The primary reason I didn’t have fun with Super Mario Galaxy was that the vast majority of the game was so mind-numbingly easy that virtually no effort or input was really needed from the player. It didn’t even feel like gameplay. Action Button described Super Mario Galaxy as evidently being created in ever-present fear of “a class-action lawsuit from widows of old men with overloaded pacemakers” and Capcom USA staff Dave Sirlin admits “I played probably the last third of the game on low volume while I watched reruns of Frasier and The Golden Girls on a second TV.” Personally, after the first 20 minutes playing the game, my eyes were literally glazed over and I was seconds from falling asleep on the couch. I had to run to the gas station and return with an arm full of Starbucks doubleshots, which I had to consume at a rate of approximately one per half-hour just to keep going at the game for the rest of the night.

The truth is, I really don’t mind if developers want to provide an easy mode for grandma and the kids, and for lazy gamers that just want to see all the set pieces and cut scenes. What Nintendo (and a lot of other developers) need to learn is that the gimmick approach to multiple difficulty levels, where you make the main portion of the game really easy, but then you insert extra missions and hidden features that will supposedly satisfy the hardcore gamer in the end, doesn’t work. The experienced gamer should not be forced to play the entire game in retarded mode first before he can start to enjoy it, and unless you actually provide a harder version of the entire game, the harder bonus missions at the end are going to be just that – a few missions. In essence the hardcore player only gets to enjoy a small fraction of the whole game.

The Prankster Comets were probably the worst offenders in this regard. They could have provided a way to challenge the experienced gamer from the beginning, but they appeared all too rarely and randomly. During the rare instances when they were around, they tended to always appear at the easiest early levels which you didn’t even want to bother with again, and then when you payed the luma star to move the comets in hope that they’d appear at harder levels, most of the time they would just disappear from the map entirely. The fact that the hidden levels like the Trial Galaxies were the only significantly challenging ones in the game, and were totally hidden, didn’t help either. The hardcore gamer is already going to be bored to death having to play hours and hours of easy levels just to get to the good parts, forcing him to then mess around with randomly appearing comets and scour the easy levels to find the difficult levels just makes it way too much work to actually have fun at the game.

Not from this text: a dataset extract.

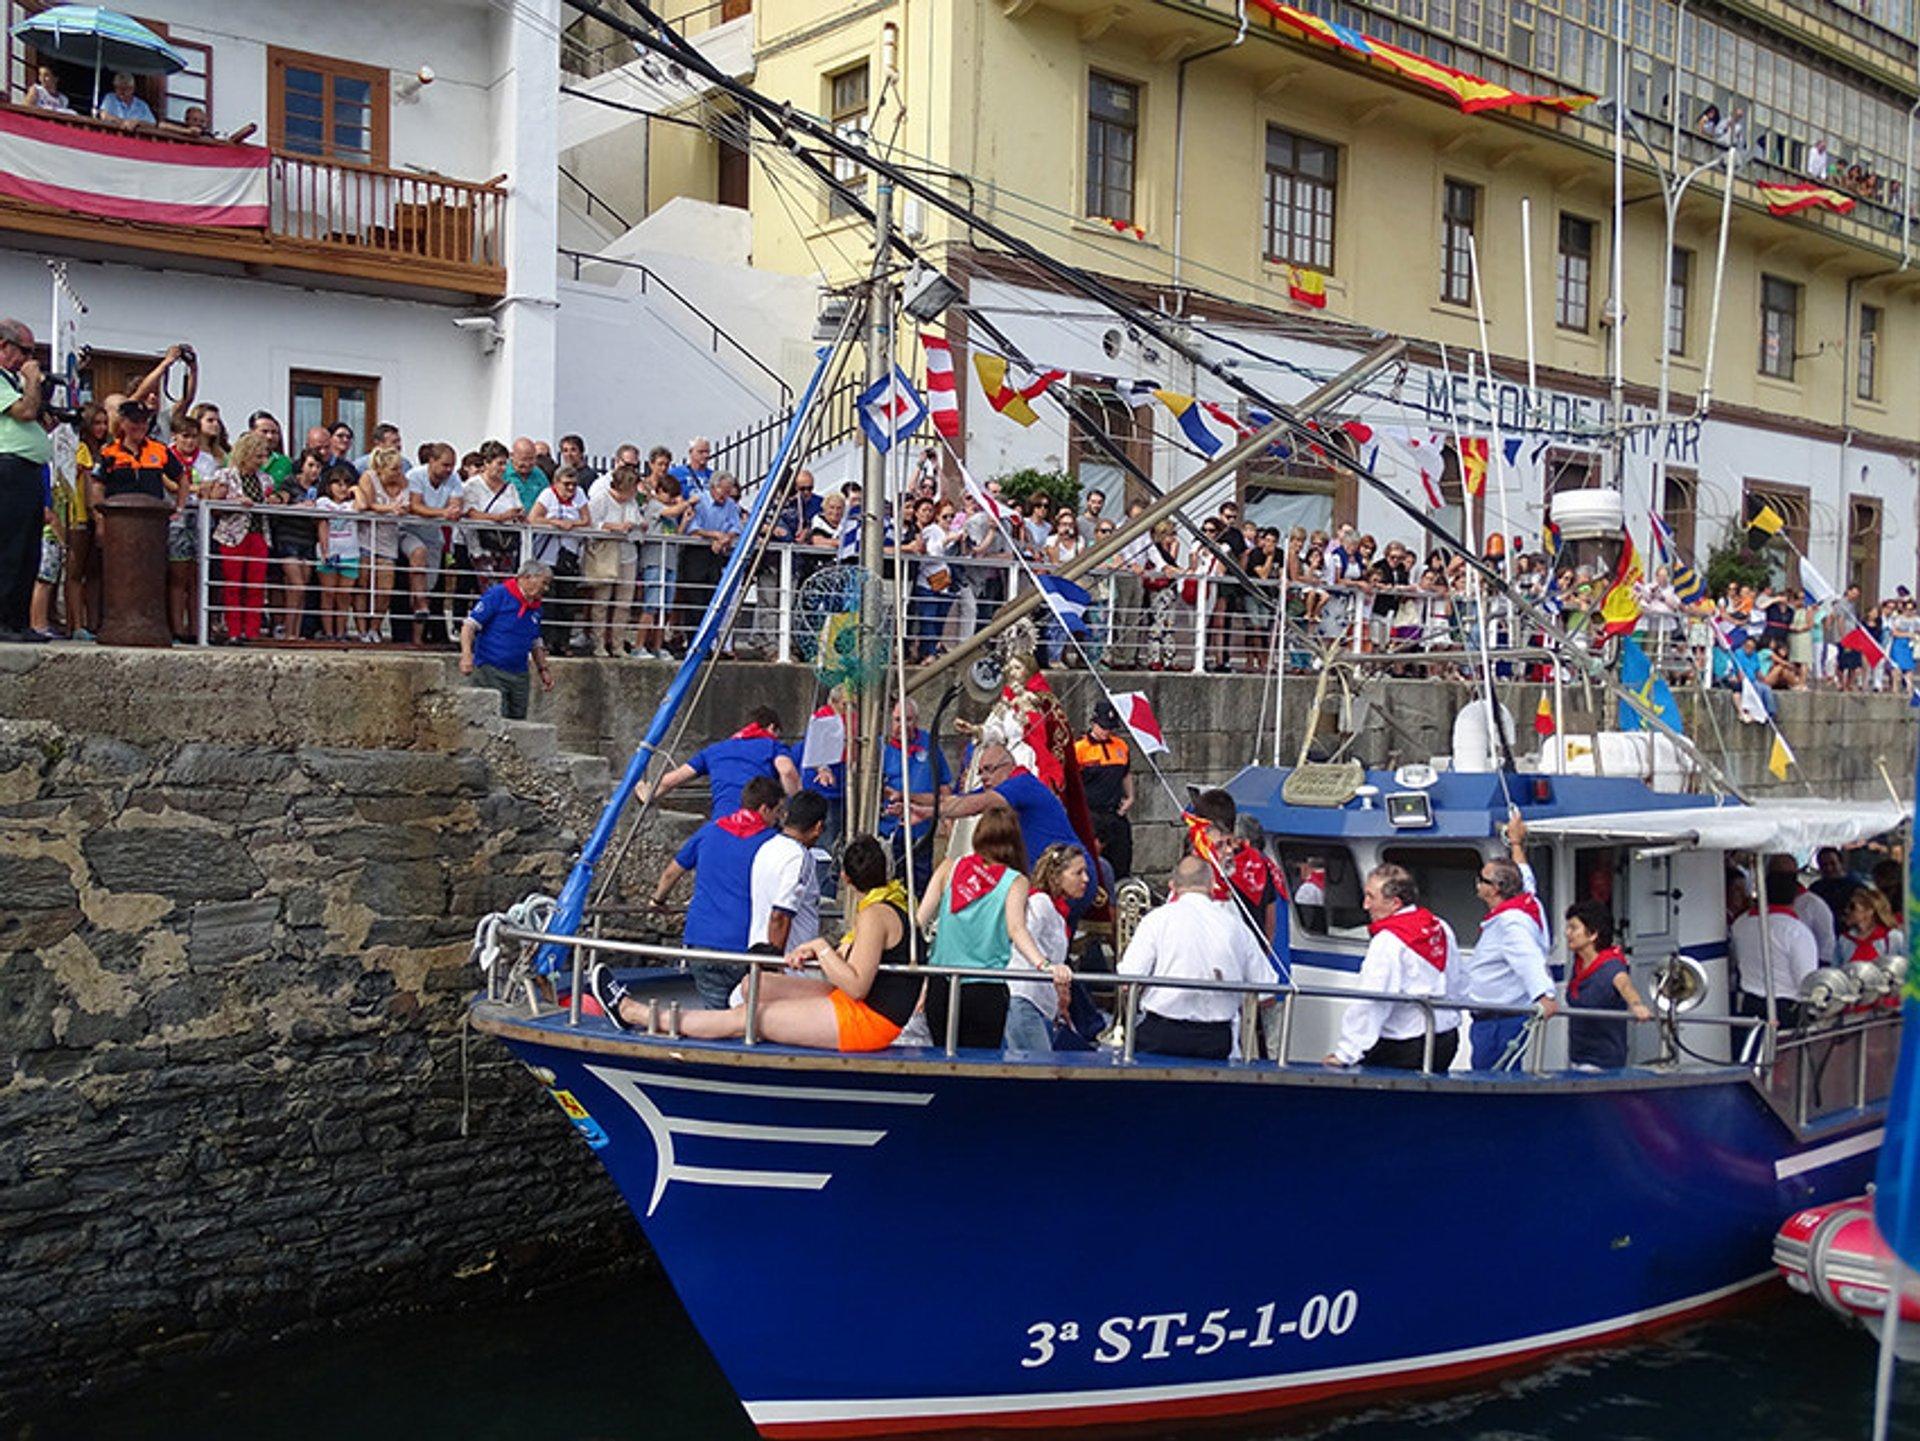 Luarca Maritime Procession of Virgen del Rosario in Spain 2020 - Best Time

To hell with “prankster comets”, I want to be able to activate “hard mode” from the beginning and play the whole game that way immediately. I want faster monsters, time limits, and other challenging features all the time, all the way through the whole game from the start. I don’t know how Nintendo can bill games like Super Mario Galaxy as one of their major “hardcore” titles, when hardcore gamers are not even given the common courtesy of selectable difficulty levels, and they have to go through hours of boring gameplay to actually start enjoying themselves in the game.

2) Old School Health System

Finally in Super Mario Galaxy, someone at Nintendo realized that the 8-part health bar from Super Mario 64 and Super Mario Sunshine was too fucking much, and they brought it down to 3 hit points. This was a step in the right direction, but given the pedestrian nature of the rest of the game, a less forgiving health system would have been more desirable, at least for hard mode.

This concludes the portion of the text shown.